What this task involves - Copy out the entries that follow exactly, leaving out the pictures.

[Material provided — start]

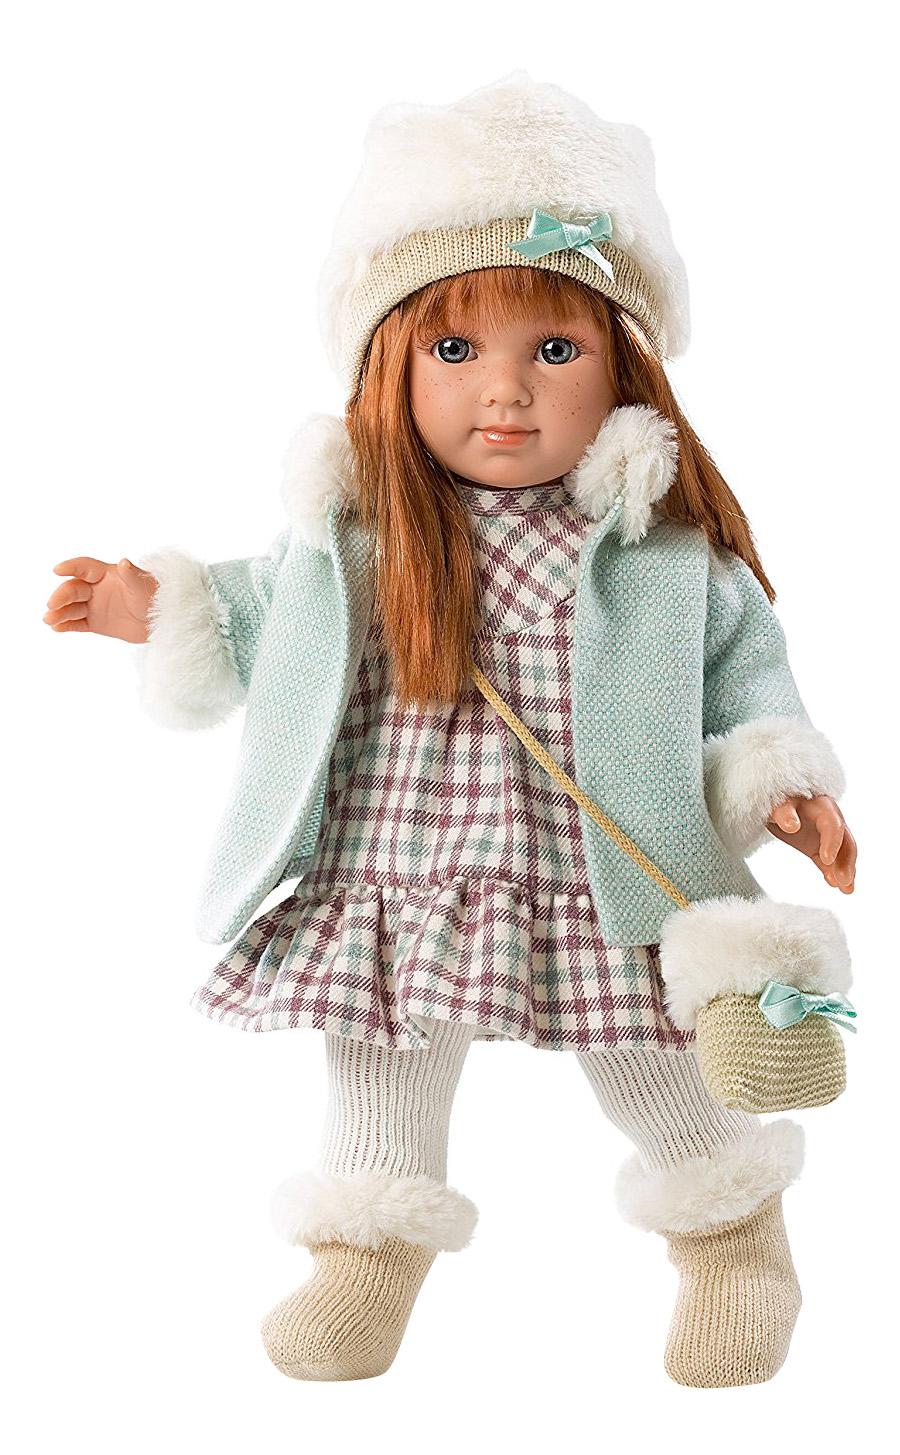 правильно кукла лоренс елена счастью, один двоюродных
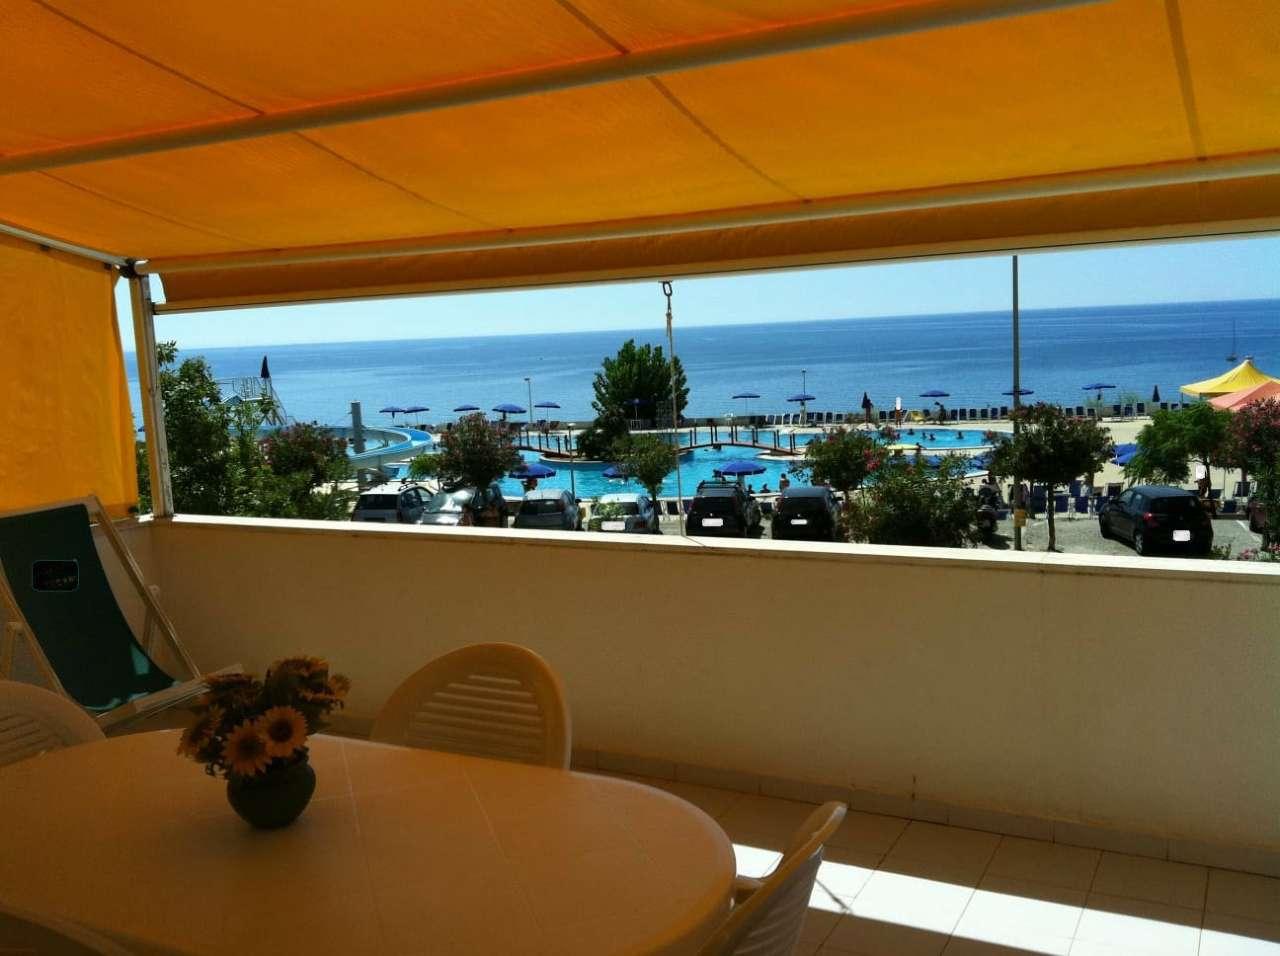 Appartamento trilocale in vendita a Isola di Capo Rizzuto (KR)
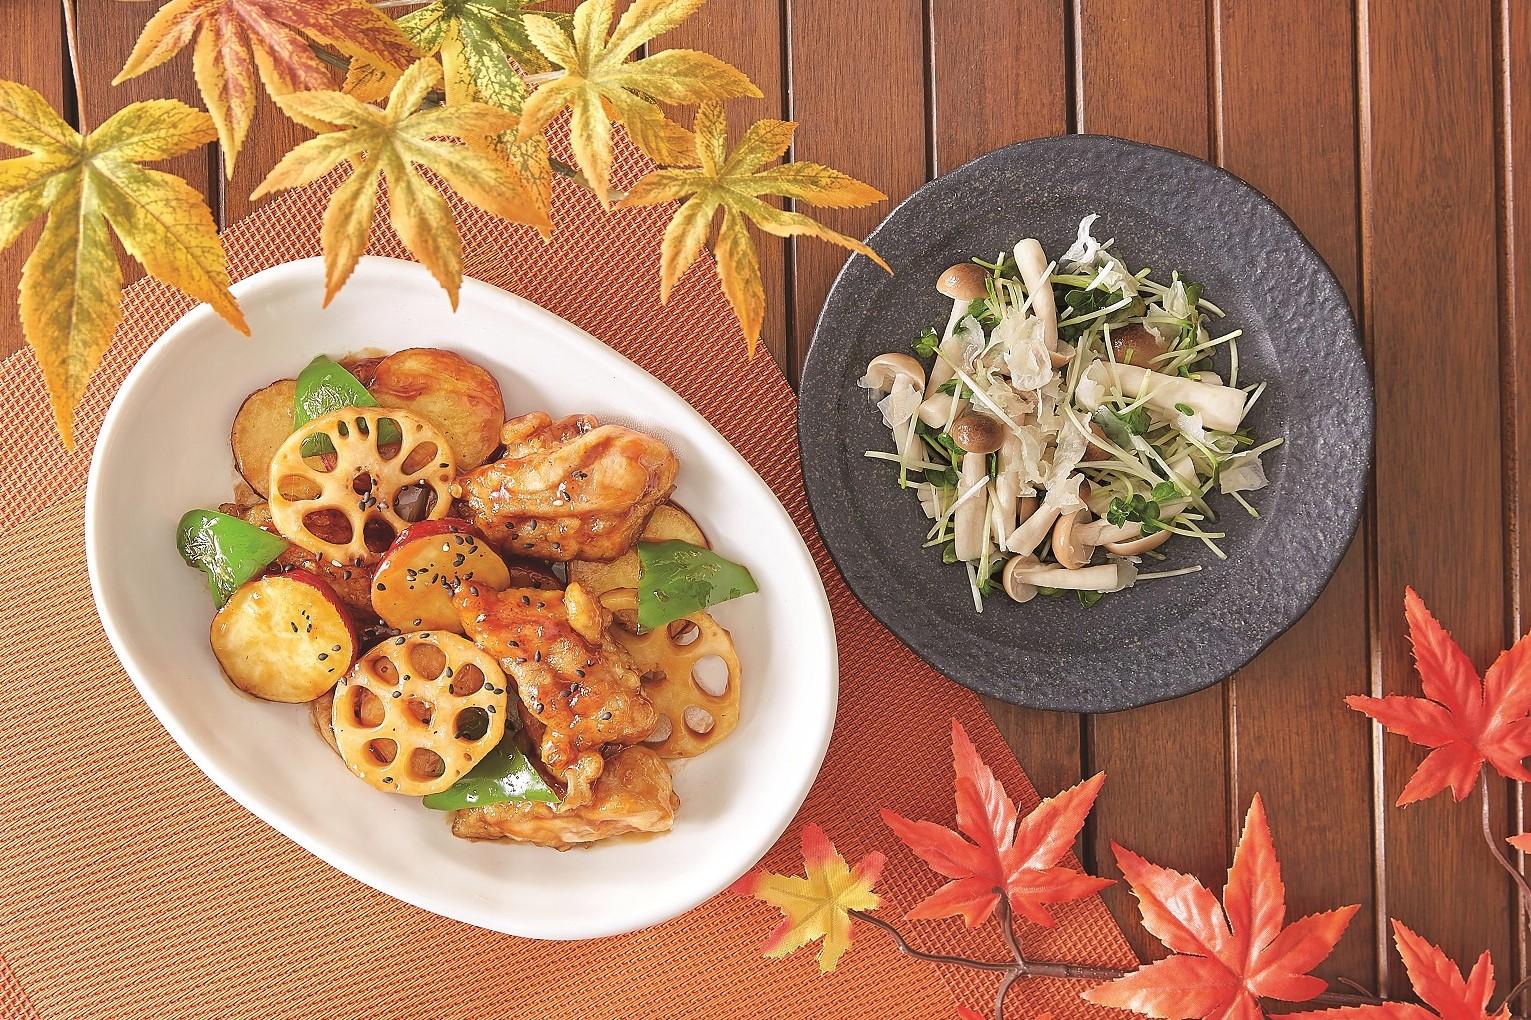 【薬膳料理家監修】お体メンテナンス 免疫力を上げる季節の養生10月
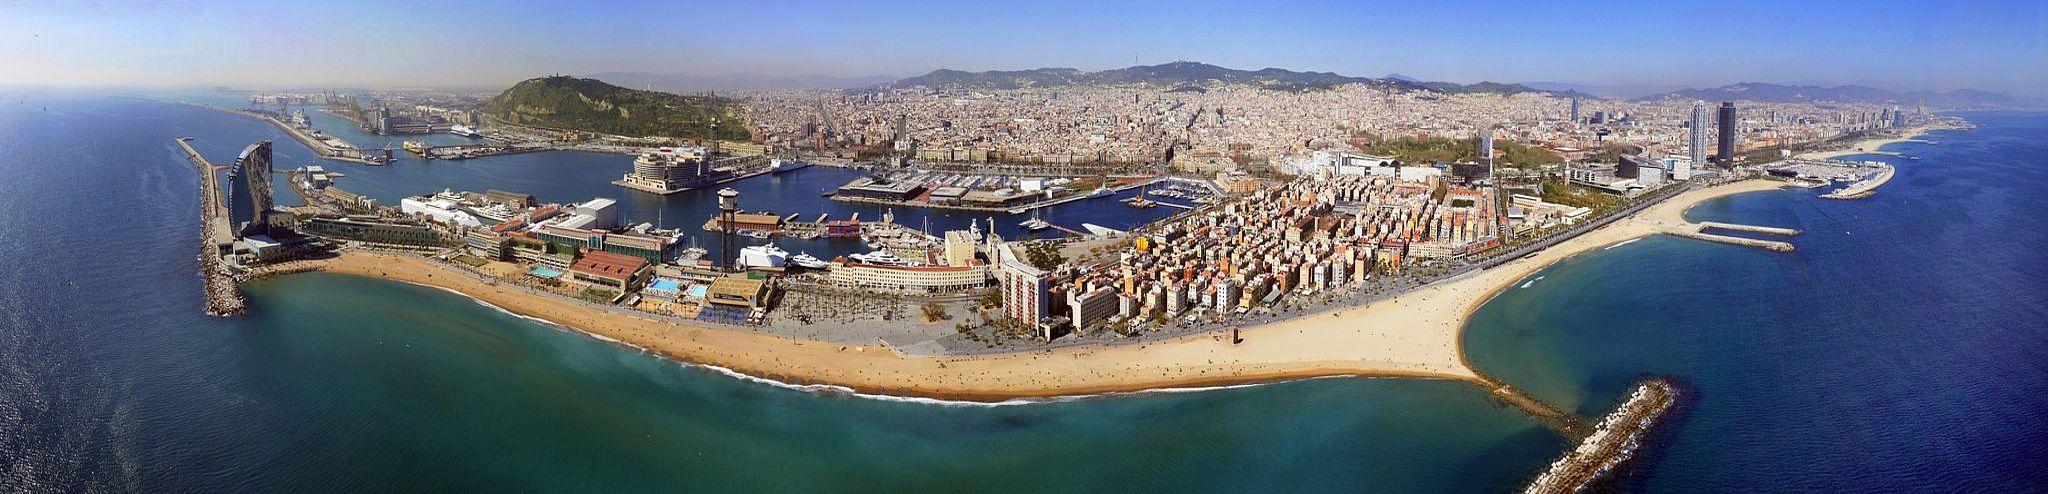 Construimos una Barcelona de calidad, moderna y puntera
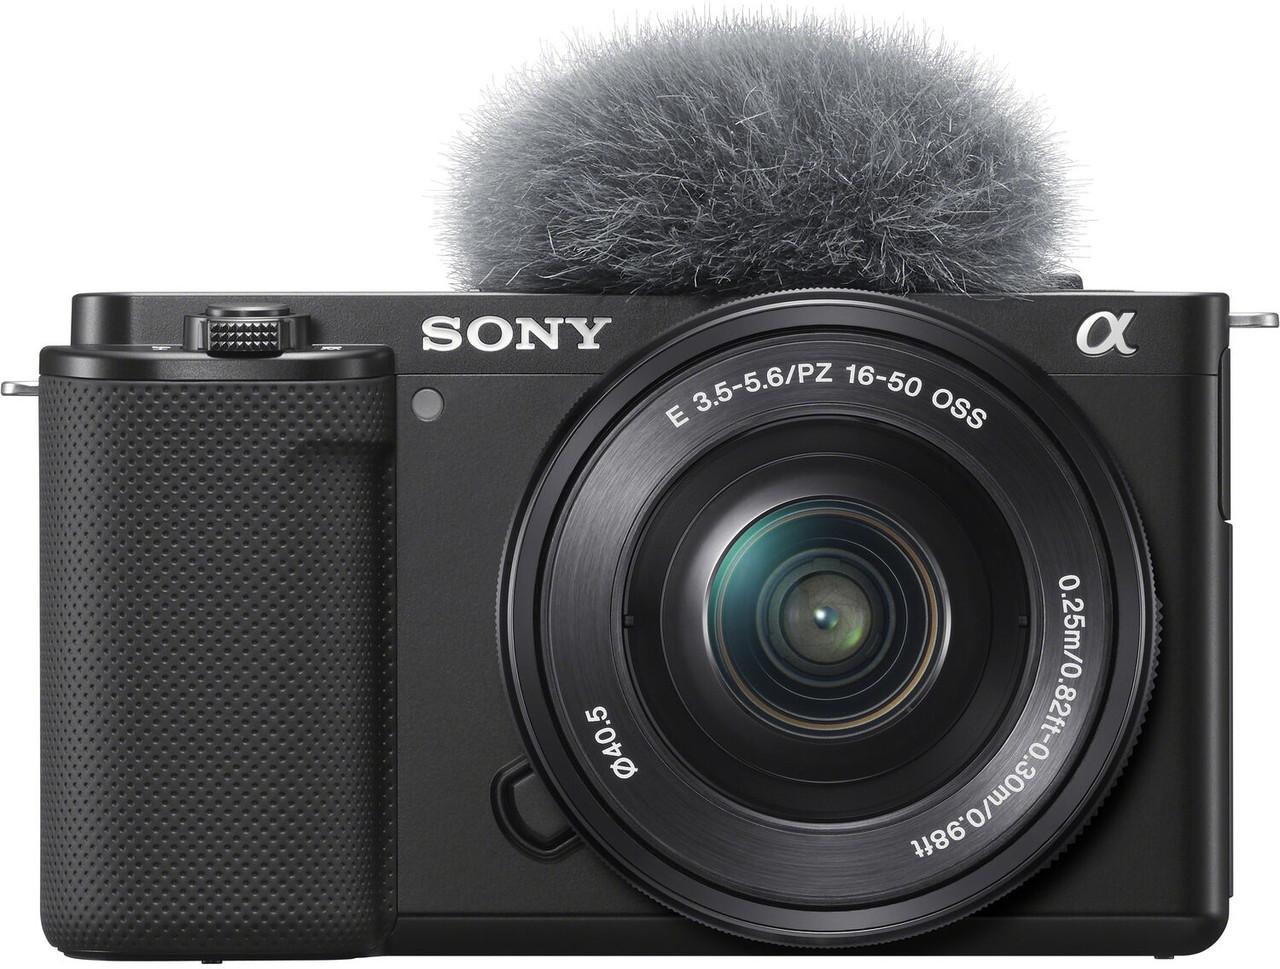 Sony ZV-E10 Interchangeable Lens Vlog Camera with E PZ 16-50mm f/3.5-5.6 OSS Lens (Black)

[Material provided — finish]

Output below -
 правильно кукла лоренс елена счастью, один двоюродных
 Appartamento trilocale in vendita a Isola di Capo Rizzuto (KR)
 【薬膳料理家監修】お体メンテナンス 免疫力を上げる季節の養生10月
 Construimos una Barcelona de calidad, moderna y puntera
 Sony ZV-E10 Interchangeable Lens Vlog Camera with E PZ 16-50mm f/3.5-5.6 OSS Lens (Black)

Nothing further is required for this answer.